Алед коротко кивнул.
Марджед обходила поле, где вскоре предстояло сеять пшеницу. Делая первый круг, она не обращала внимания на мелкие камни, уговаривая себя, что из-за такой мелочи нечего ломать спину. Но когда большие камни были убраны, эти мелкие вдруг увеличились в размере, и стоило ей заняться каким-нибудь делом на подворье, как они тут же бросались ей в глаза, словно укоряя.
Пришлось вновь собирать камни. Она занималась этим с самого раннего утра и к полудню совсем выбилась из сил. С отвращением заметила, что под ногти забилась грязь. Лицо тоже, наверное, она выпачкала землей, когда тыльной стороной руки отводила непокорные прядки волос, выбившиеся из косы.
Придется вечером натаскать и нагреть воды, чтобы вымыться. А потом она наденет все чистое и отдохнет возле окна, пока не наступит час ложиться спать. Впрочем, до вечера еще целая вечность. Марджед выпрямилась и оглядела поле, стараясь убедить себя, что половина работы уже сделана.
Потом она резко повернула голову и посмотрела на подворье. Ее ноздри затрепетали. Он выглядел так безупречно, как будто дома у него было только одно занятие, решила она, — отмокать в горячей ванне. Да к тому же у него короткие кудрявые волосы, которые едва шевелятся на ветру.
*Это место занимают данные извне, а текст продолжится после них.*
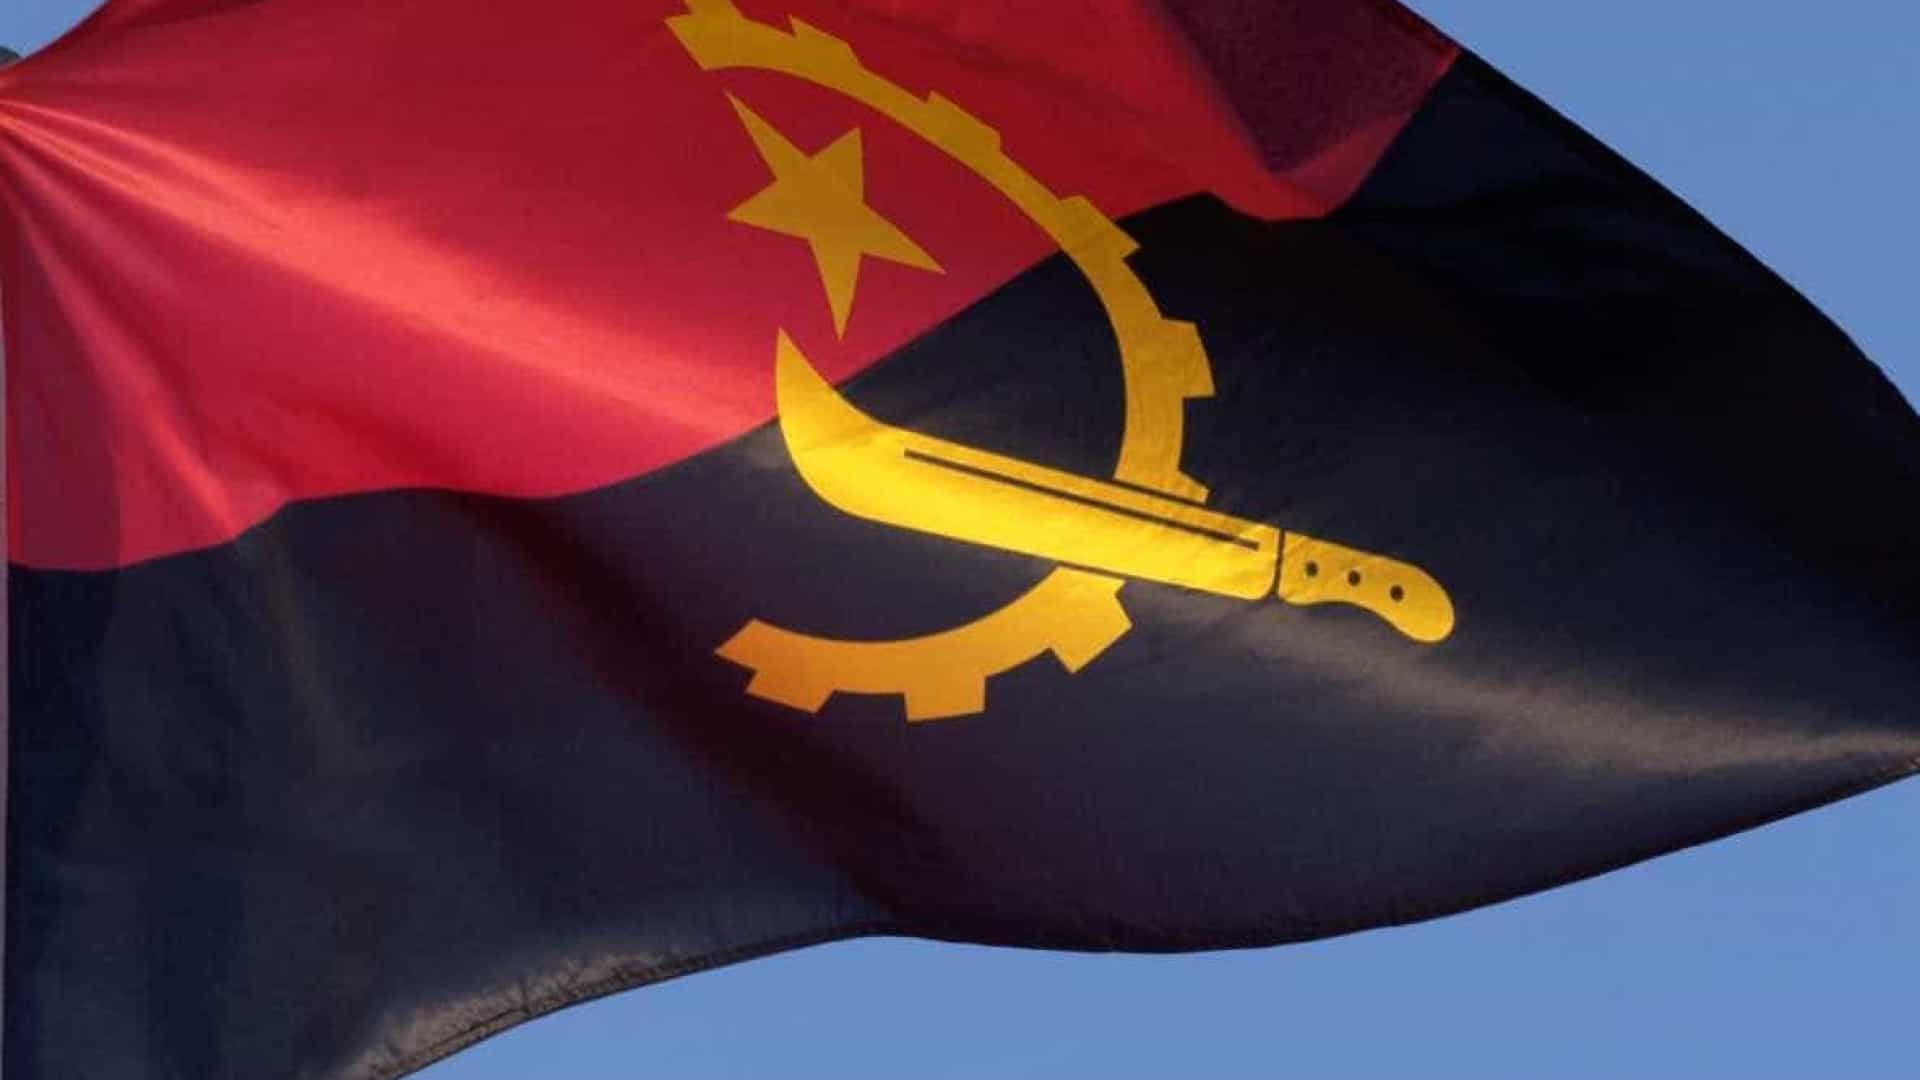 Bancos angolanos recebem 350 milhões em 15 dias

Он, наверное, вообще не знает, что такое пот. Или земля… хотя много лет назад и бегал по ней только босиком.
Он стоял у калитки и смотрел на нее. На ферме жили еще две женщины. Если это был визит вежливости, то граф мог постучать в дом и развлекаться беседой со свекровью и бабушкой ровно столько, сколько он решил пробыть в их компании, оказав им честь. Но нет, ему понадобилось отрывать от работы именно ее.
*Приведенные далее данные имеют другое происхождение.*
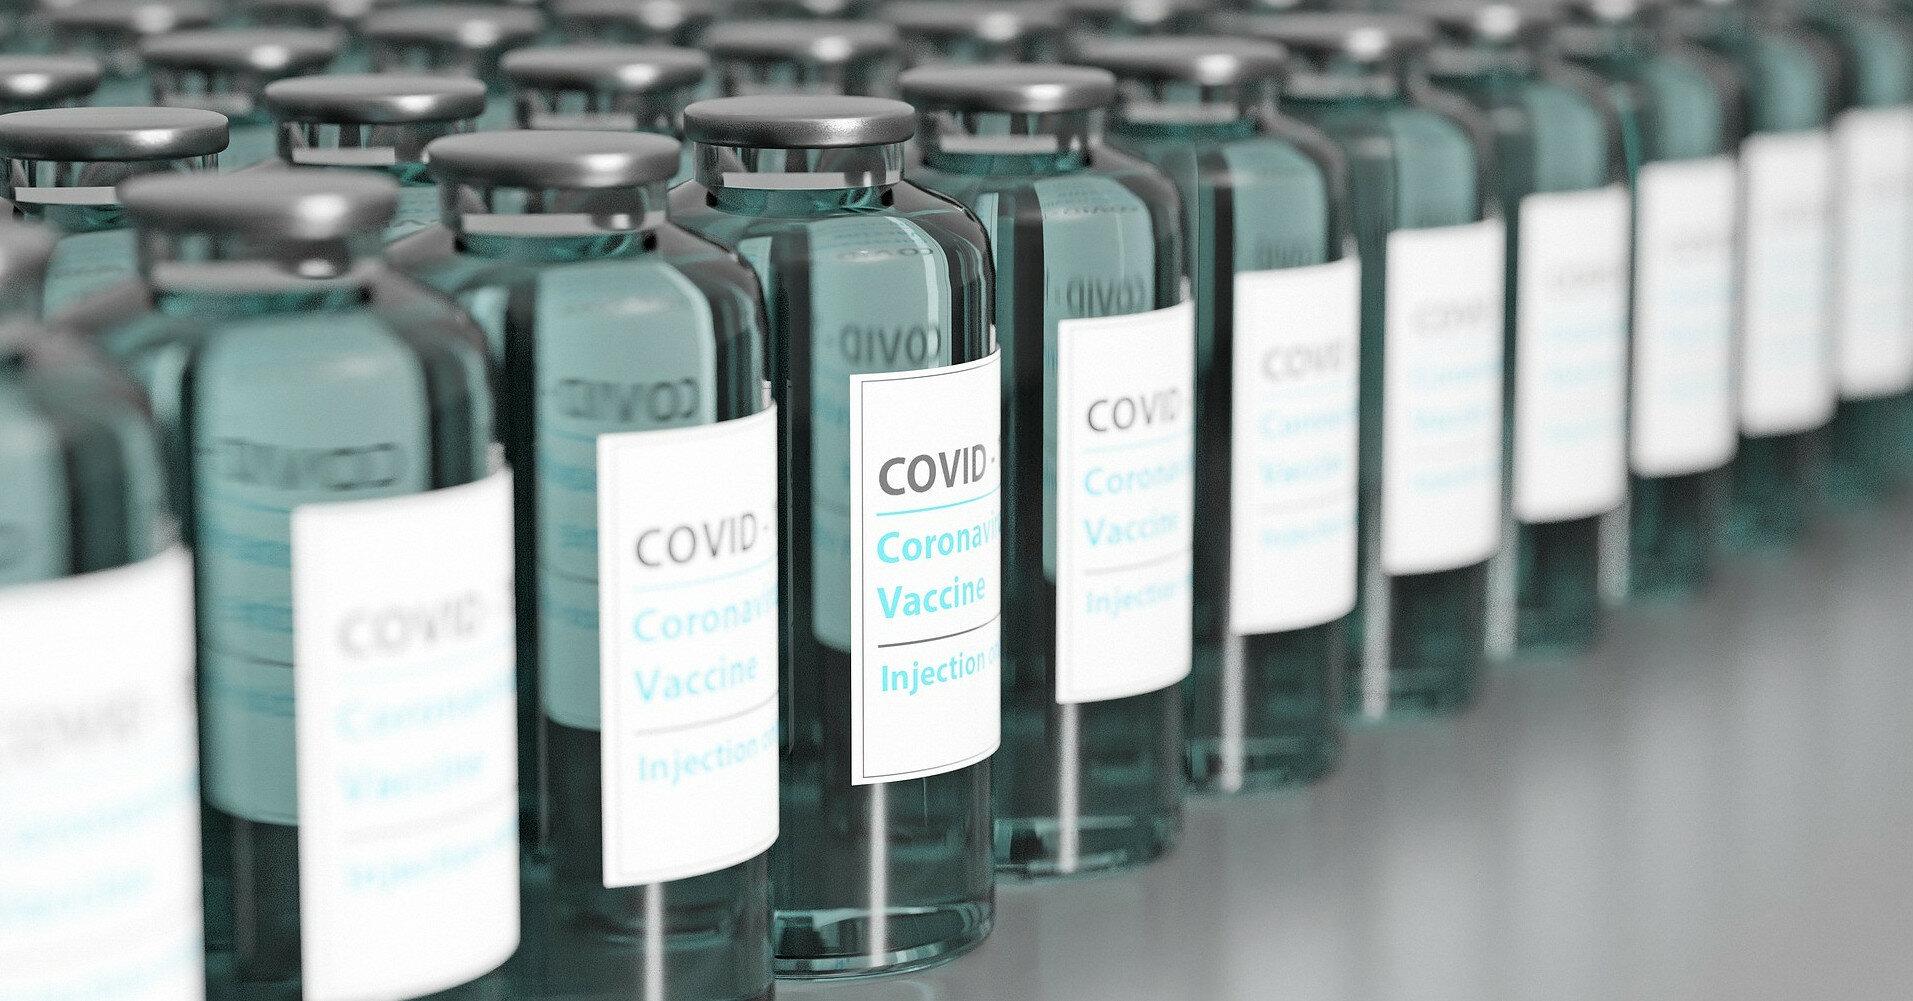 Обнародовали новые данные об эффективности вакцины CoronaVac

Марджед вытерла руки о фартук и направилась к нему. А сама думала, что не могла бы выглядеть грязнее, неряшливее или уродливее, даже если бы постаралась. И с каждым шагом в ней возрастал гнев: Марджед задевало, что он застал ее в таком виде. Нет, решила она, ей все равно. Ей наплевать, какой он ее видит или что думает.
— Что, скажи на милость, ты делаешь? — спросил он с ненавистным отточенным английским выговором.
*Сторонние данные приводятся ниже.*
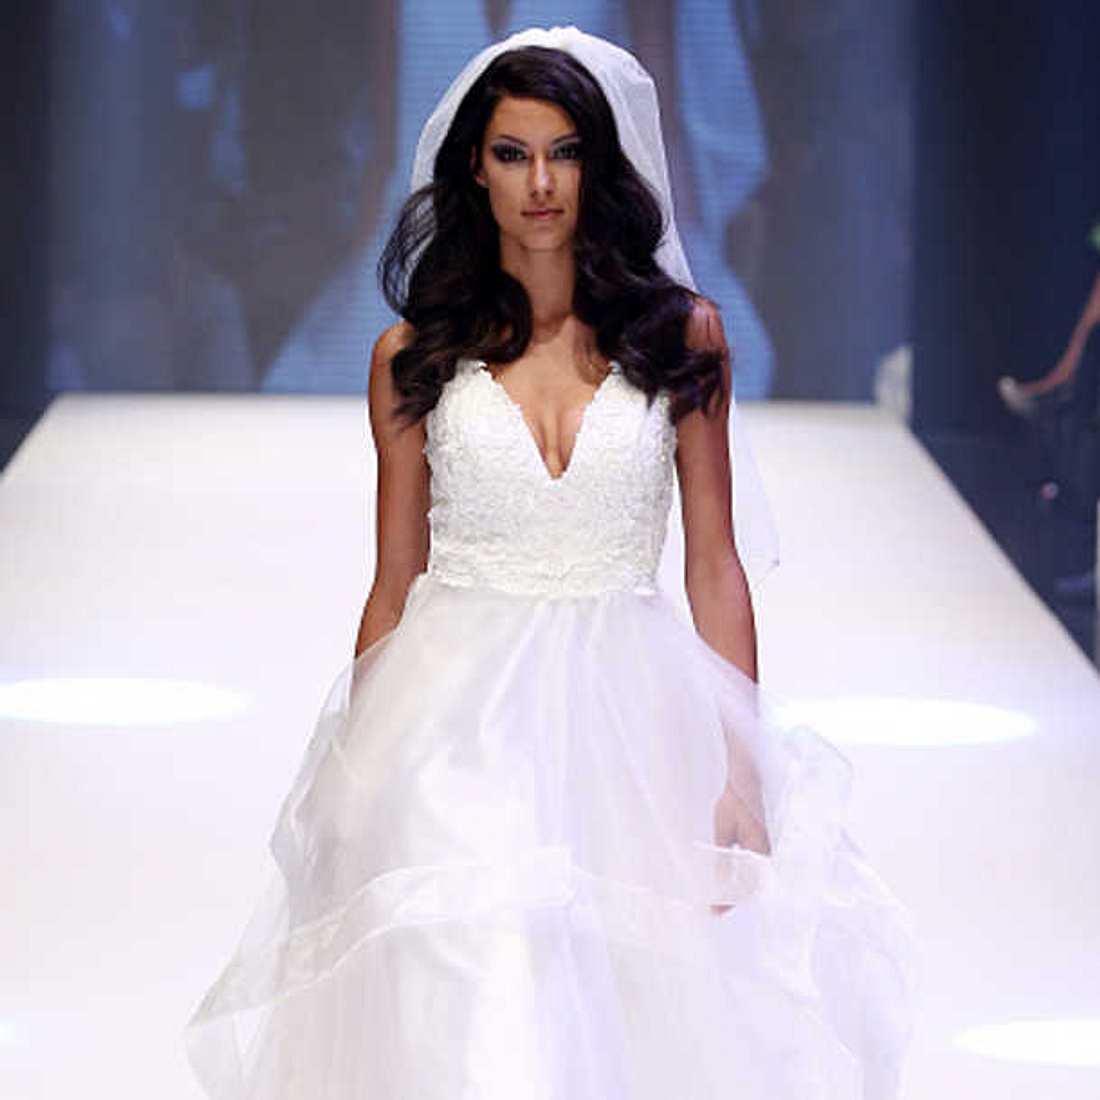 Rebecca Mir hat ihr Hochzeitskleid ruiniert

— Ты как раз застал меня за игрой вместо работы, — дерзко ответила она. — Собираю камни с поля, когда могла бы заняться настоящей работой, например покормить Нелли. А тебе как показалось, чем я занята?
— Марджед, — сказал он, — это мужская работа.
— Ну конечно. — Она ударила себя по лбу выгнутым запястьем. — Какая же я глупая. Не стану больше медлить, сейчас же пойду в дом и созову всех мужчин, которые спят там или в хлеву.
Он смотрел на нее холодными голубыми глазами, его лицо ничего не выражало. Ей было все равно, что он подумает о ее дерзости или как поступит. А затем он скинул плащ, перебросил его через перекладину ограды. Шляпу надел на столбик и стянул сюртук.
— Что ты делаешь? — Ее глаза округлились от удивления. Сюртук последовал за плащом. Теперь он расстегивал пуговицы жилета.
— Как видно, здесь только один мужчина, способный выполнить эту работу, — ответил он.
Марджед стиснула зубы, как только поняла, что стоит с раскрытым ртом.
— О нет, — сказала она. — Этого не будет. Мне не нужна твоя помощь. Убирайся с моей земли.
Он холодно смотрел на нее, закатывая рукав безукоризненно белой рубашки.
— Я заплатила ренту, — напомнила она. — Ни на день не опоздала.
Но слушать ее было некому. Он уже шел по полю. Его сапоги были так начищены, что когда он наклоняется, то, вероятно, видит в них свое отражение, решила Марджед. И в такой-то обуви он гуляет по полю? Брюки на нем были темные, явно очень дорогие, они плотно облегали ноги, подчеркивая их стройность и мускулистость. Рубашка надулась от ветра. Но когда ветер на секунду стих, широкие спина и плечи не позволили ей обвиснуть на нем. Руки до локтей были покрыты темными волосами.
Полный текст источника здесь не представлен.